И покидала она зал с сожалением, что так скоро все кончилось. И за этим своим сожалением не смогла рассмотреть шедшего некоторое время почти рядом с нею Андрея. Он так и не решился показаться ей, хотя бежал в театр, торопился взглянуть ей в глаза и закатить спектакль, выдать все, что она заслужила. И гордо уйти. Но не выдал, не посмел показаться на глаза и не ушел.
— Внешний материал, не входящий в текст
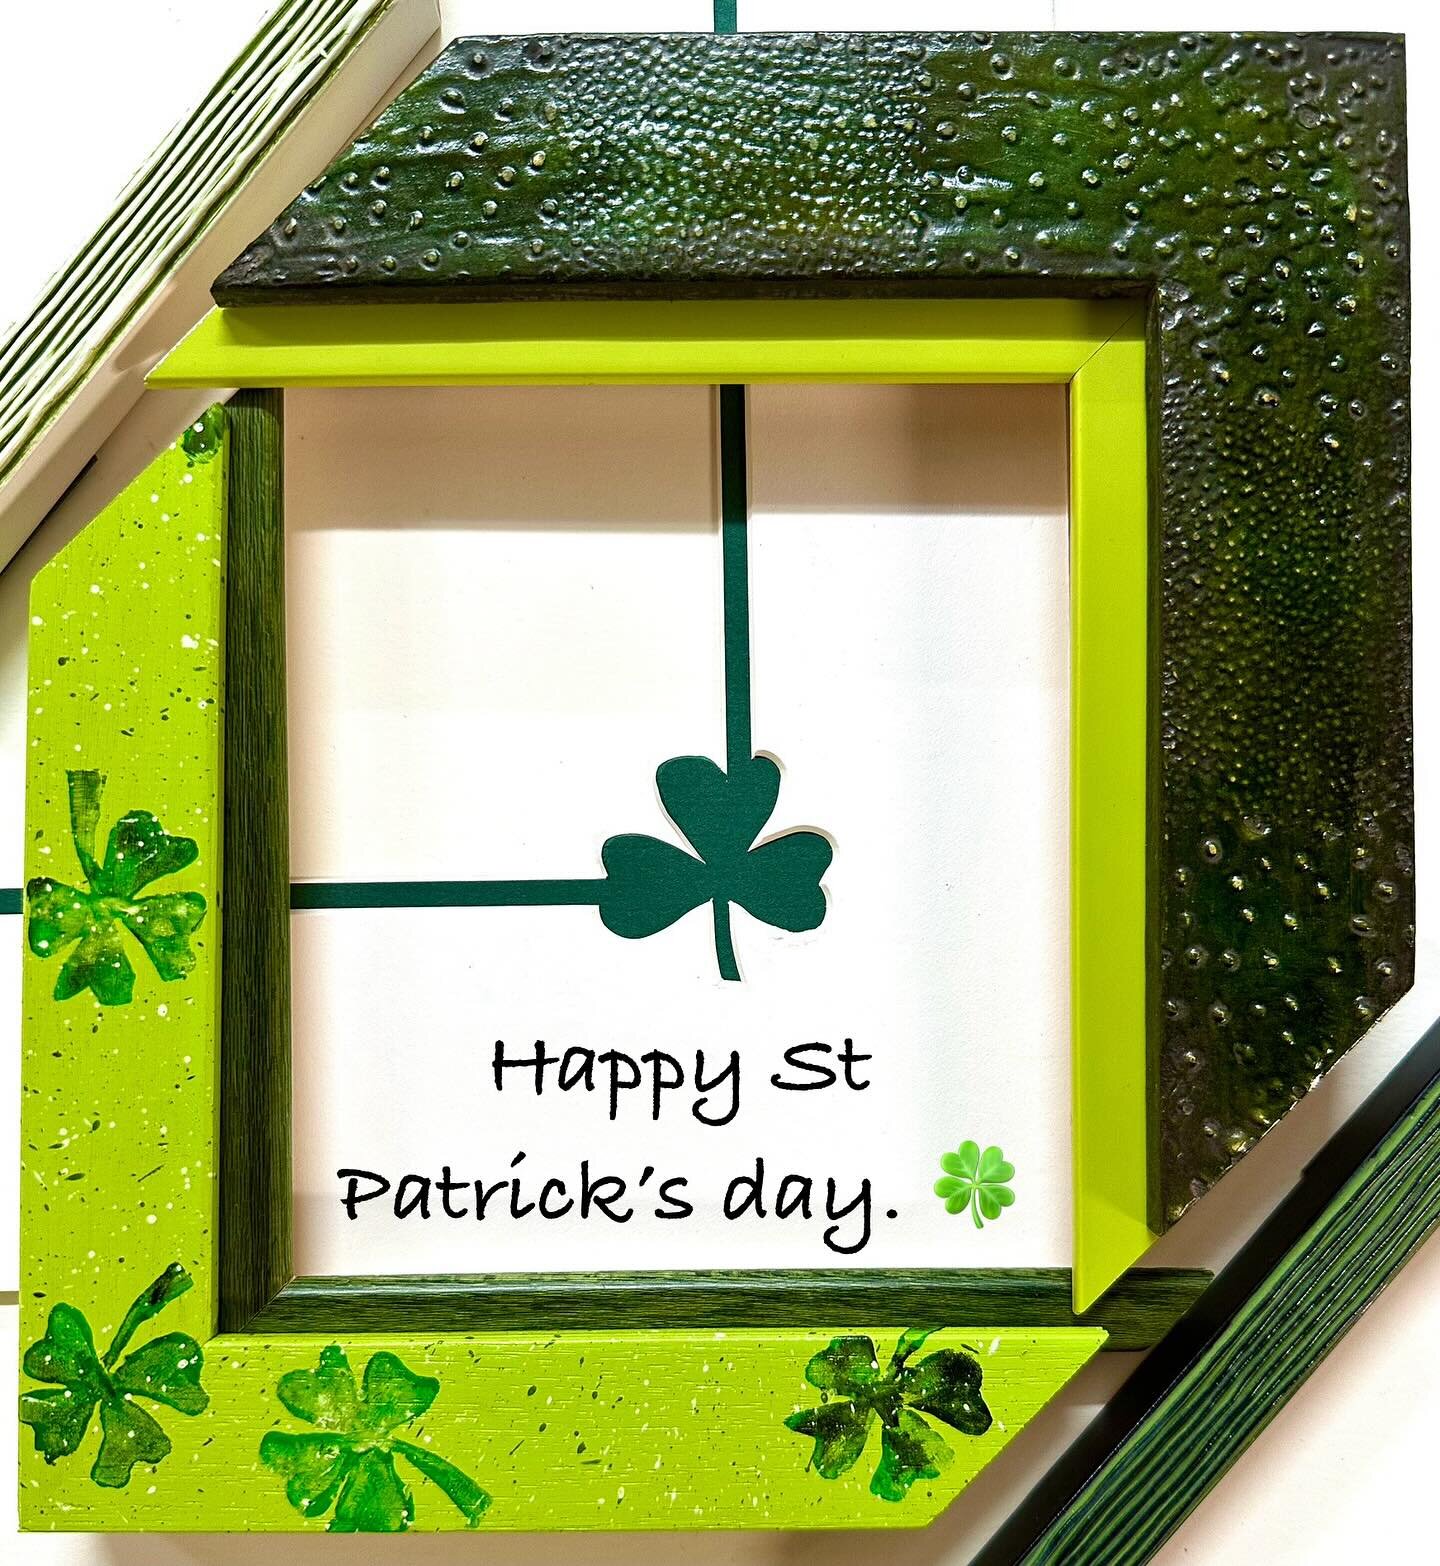 &ldquo;May luck be your friend in whatever you do, and trouble be always a stranger to you!&rdquo;Happy St Patrick&rsquo;s day. Here&rsquo;s a few of our lucky verdant offerings. 🍀 Slainte 🥂 #framingfabulous #greenframes #lucky #stpatricksday #hand
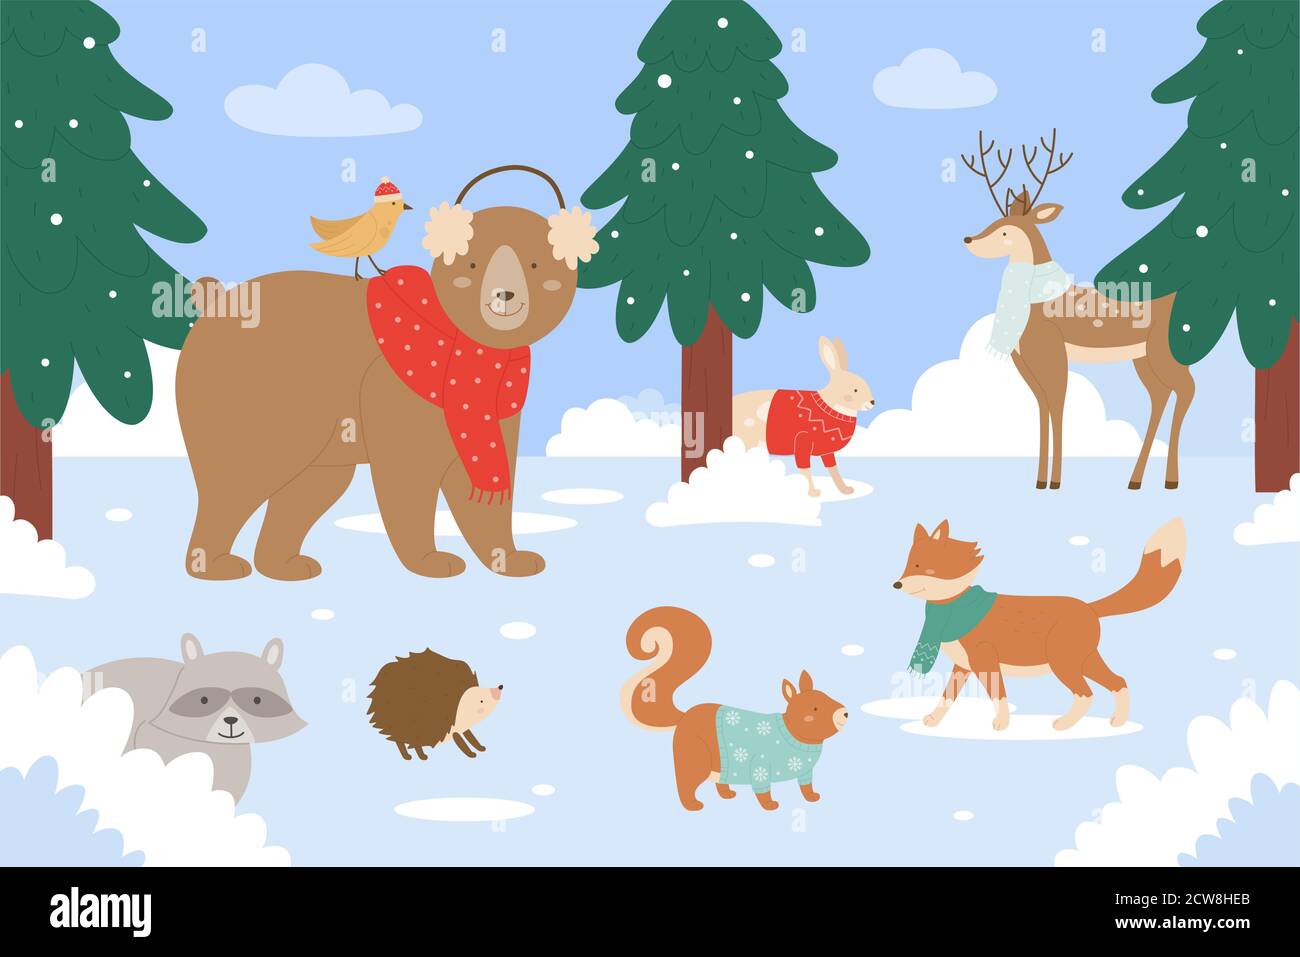 Animals In Winter Forest Vector Illustration Cartoon Flat Cute Animalistic Group Of Characters Wearing Scarf Or Sweater Standing Together In Wild Snow Nature Woods Landscape Wintertime Background Stock Vector Image Art

Он сидел от нее через четыре головы, один на двух местах, смотрел на ее волосы, розовеющие из-под них маленькие уши и изредка на сцену. Постановка про любовь ему не понравилась и не могла понравиться. Какая там любовь. Это, которая в конце становилась на цыпочки, целовала своего жениха в губы и визжала: хорошо, хорошо, хорошо, — была малость малахольной. Будто не знала в самом начале, что целоваться хорошо, и придурялась, а потом плакала — страдала, значит, от придури. И жених сначала выкаблучивался, а потом тоже страдал — хватал своего друга за грудки и вызверял зенки. А вот песни в постановке были душевные. Одна душевней другой. Если бы они пелись еще не такими сытыми голосами...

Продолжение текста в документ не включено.